Consider changing the data types to something less internal

Question

Consider changing the data types to something less internal

Opened this issue a year ago · 4 comments

In this column, the data types are named by their internal validation function for clojure.spec. As these are relatively arbitratily named, I would suggest changing them out for something 1) used more widely and 2) further abstracted 3) reveals less about inner implementation.

One such solution would be to use the Typescript standard, as that is becoming a very widely used type system.

the changes would look like this

inner implementation	typed reference	as multiple
uuid-string	uuid	uuid[]
strings<->uuids	uuid[]	uuid[]
single-string	string	string[]
cell-list	string[]	string[]
YN<->bool	boolean	boolean[]
string-date<->timestamp	timestamp	timestamp[]
status	"3" \ "2" \ "1"	Array<"3" \ "2" \ "1">

optional values get added question marks. string?, string[]?, etc

Answer 1 · 2023-09-26T13:40:32.000Z

Then, we can talk about how a boolean is represented as "Y" | "N" in the spreadsheet, or as a boolean in ingested data

Answer 2 · 2023-09-26T13:50:18.000Z

Yeah, agree. Or even have a human readable version, like I report in the detailed section: uuid-strings -> String, formatted in UUID format.

I think there's a good case for explaining what different data types are (strings, integers, bools), the related validators and what we use them for. For some readers, this may be the first time anyone's done that for them!

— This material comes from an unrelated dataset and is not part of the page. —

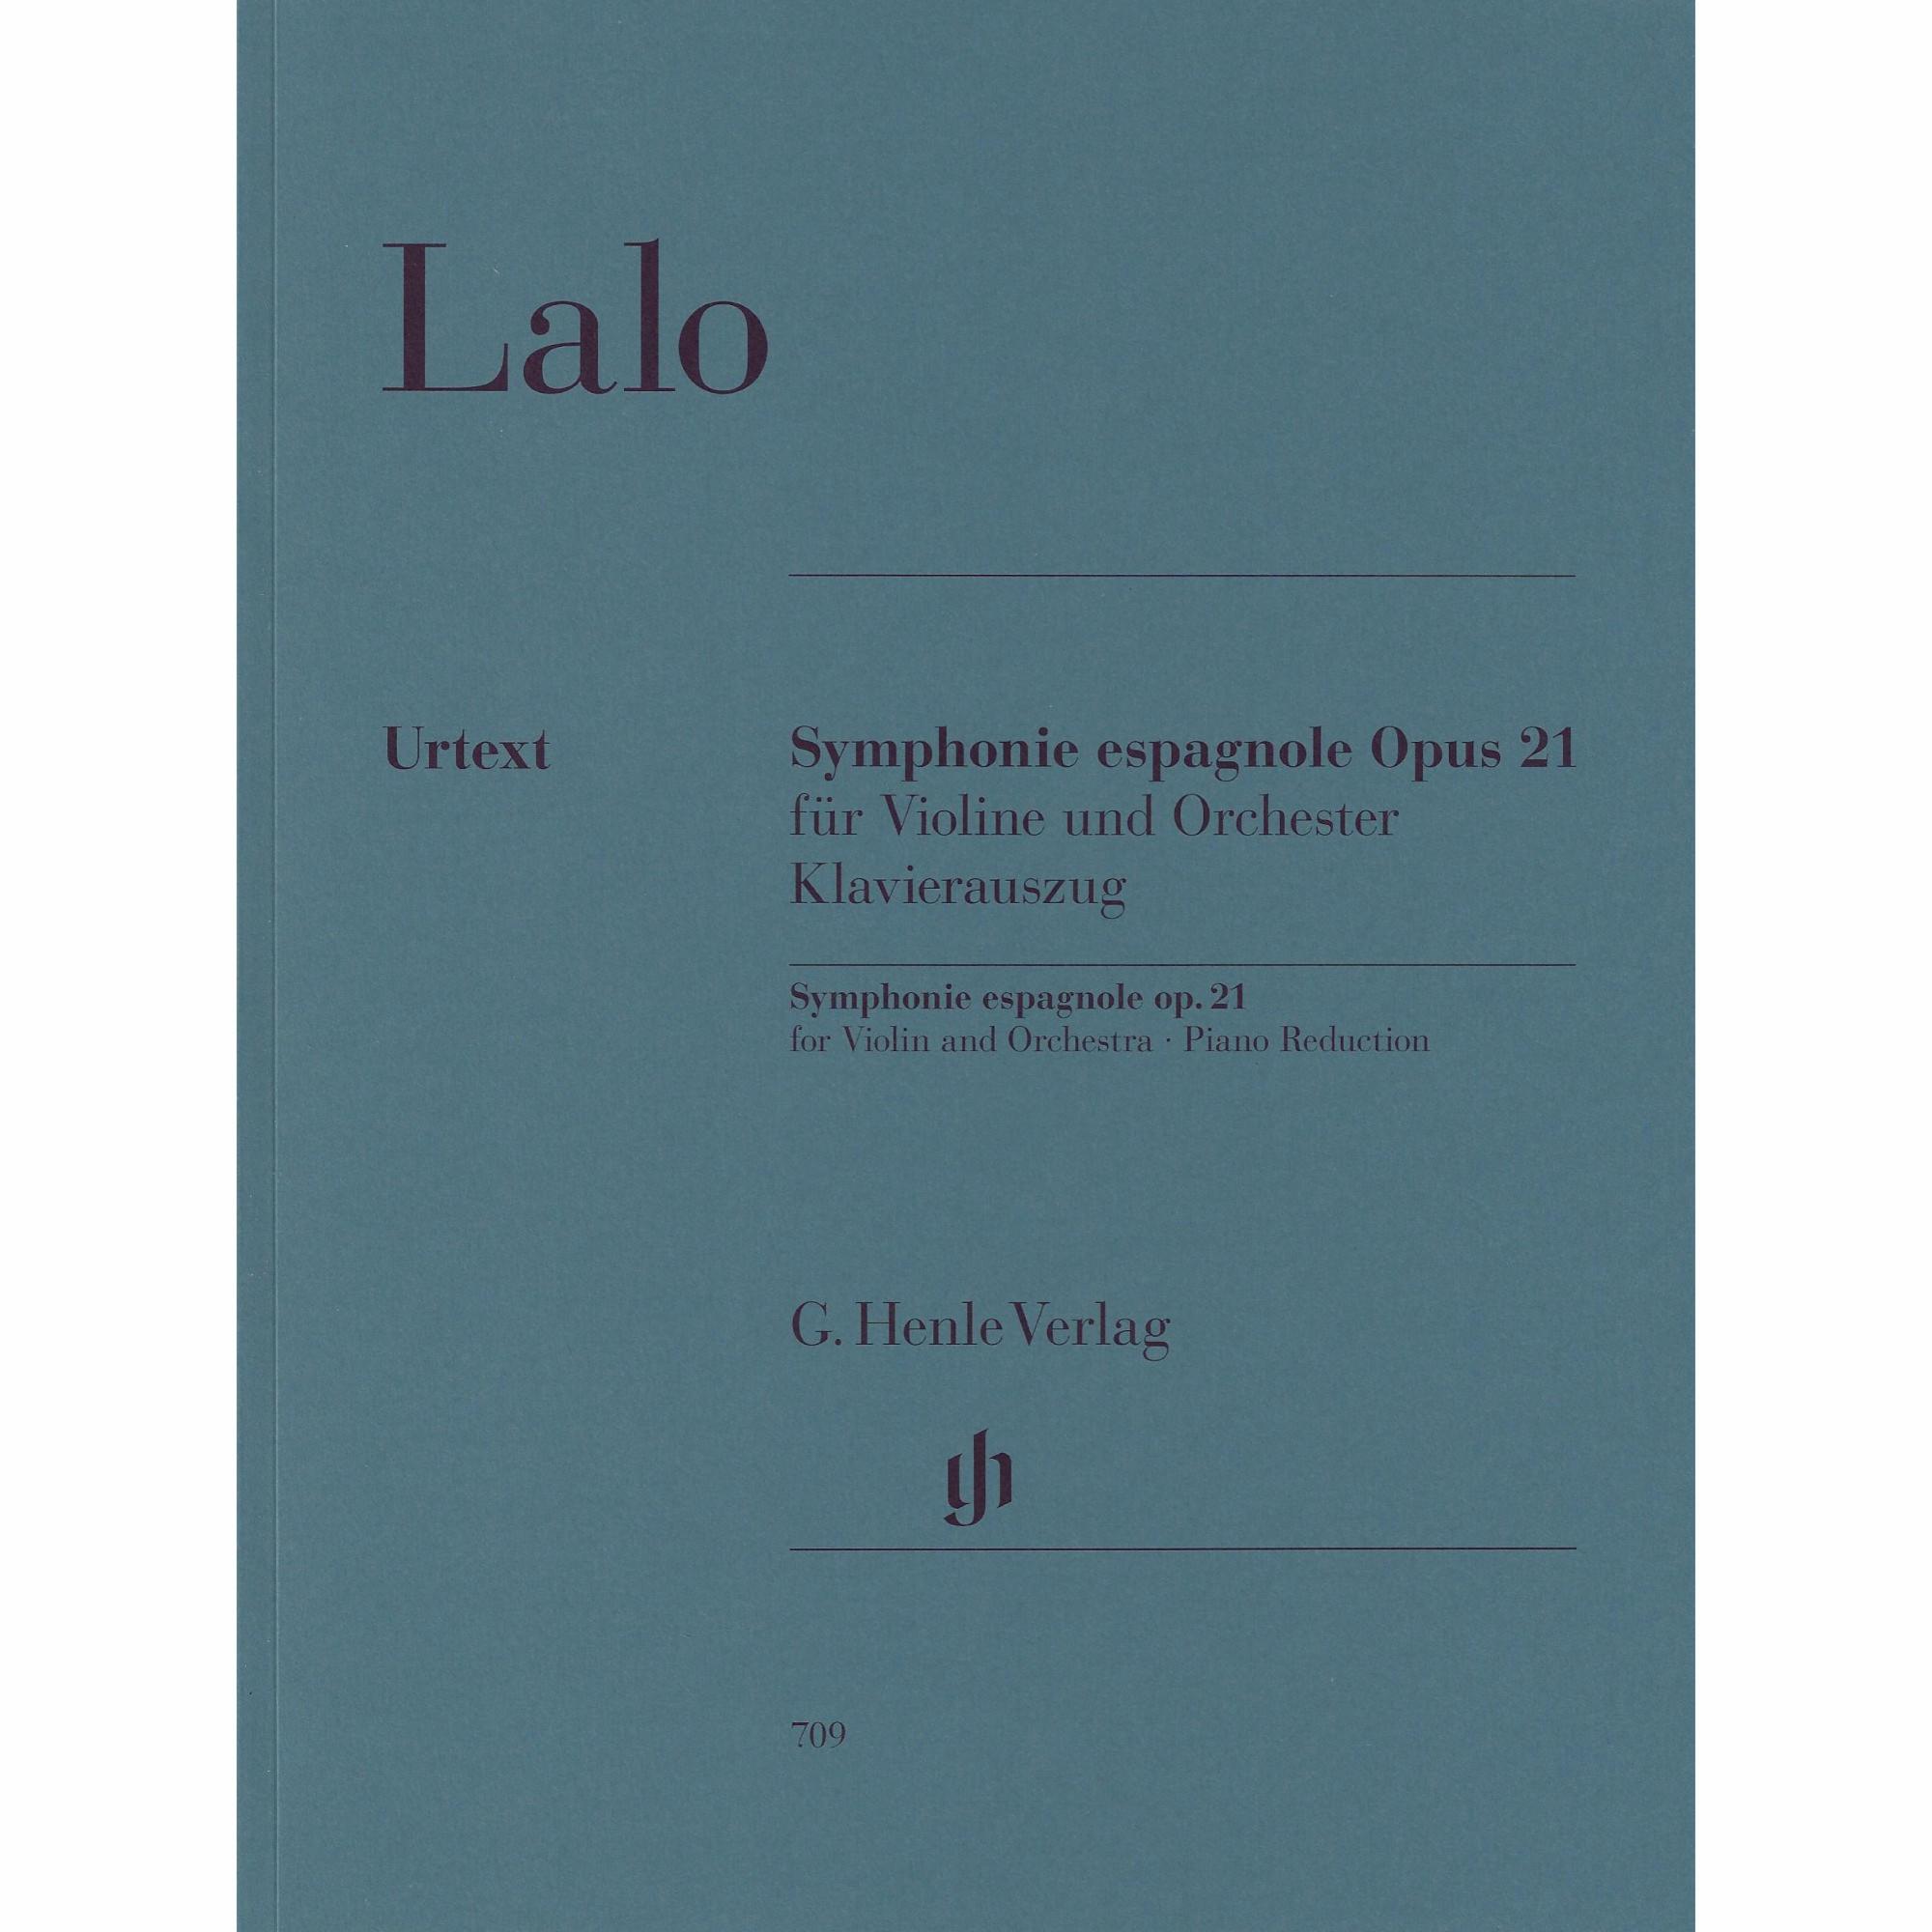 Lalo -- Symphonie espagnole, Op. 21 for Violin and Piano

Answer 3 · 2023-09-26T13:52:52.000Z

There's a greater issue there of data-types in the sheet vs data-types in the intermediate system vs data-types in json exports.

Clojure/Script has a uuid data type, for example, where it is a string in the sheet and a string in the export. Similarly, dates have multiple representations along the chain.

They do have predictable transformations, though.

Answer 4 · 2023-09-26T14:29:50.000Z

I think there are three audiences, with various overlapping interests in the docs:
A) developers, who want to know how type handling should be managed;
B) researchers: likely to use the model in practice, and will have interest what they need to do for data validation/integrity/quality; and,
C) downstream users of product derived from our data: assessment of the meaning of a field and the rules used to create it, as an aid to understanding.

Stuff written for B and C is generally useful to A, but stuff for A less so for B and C!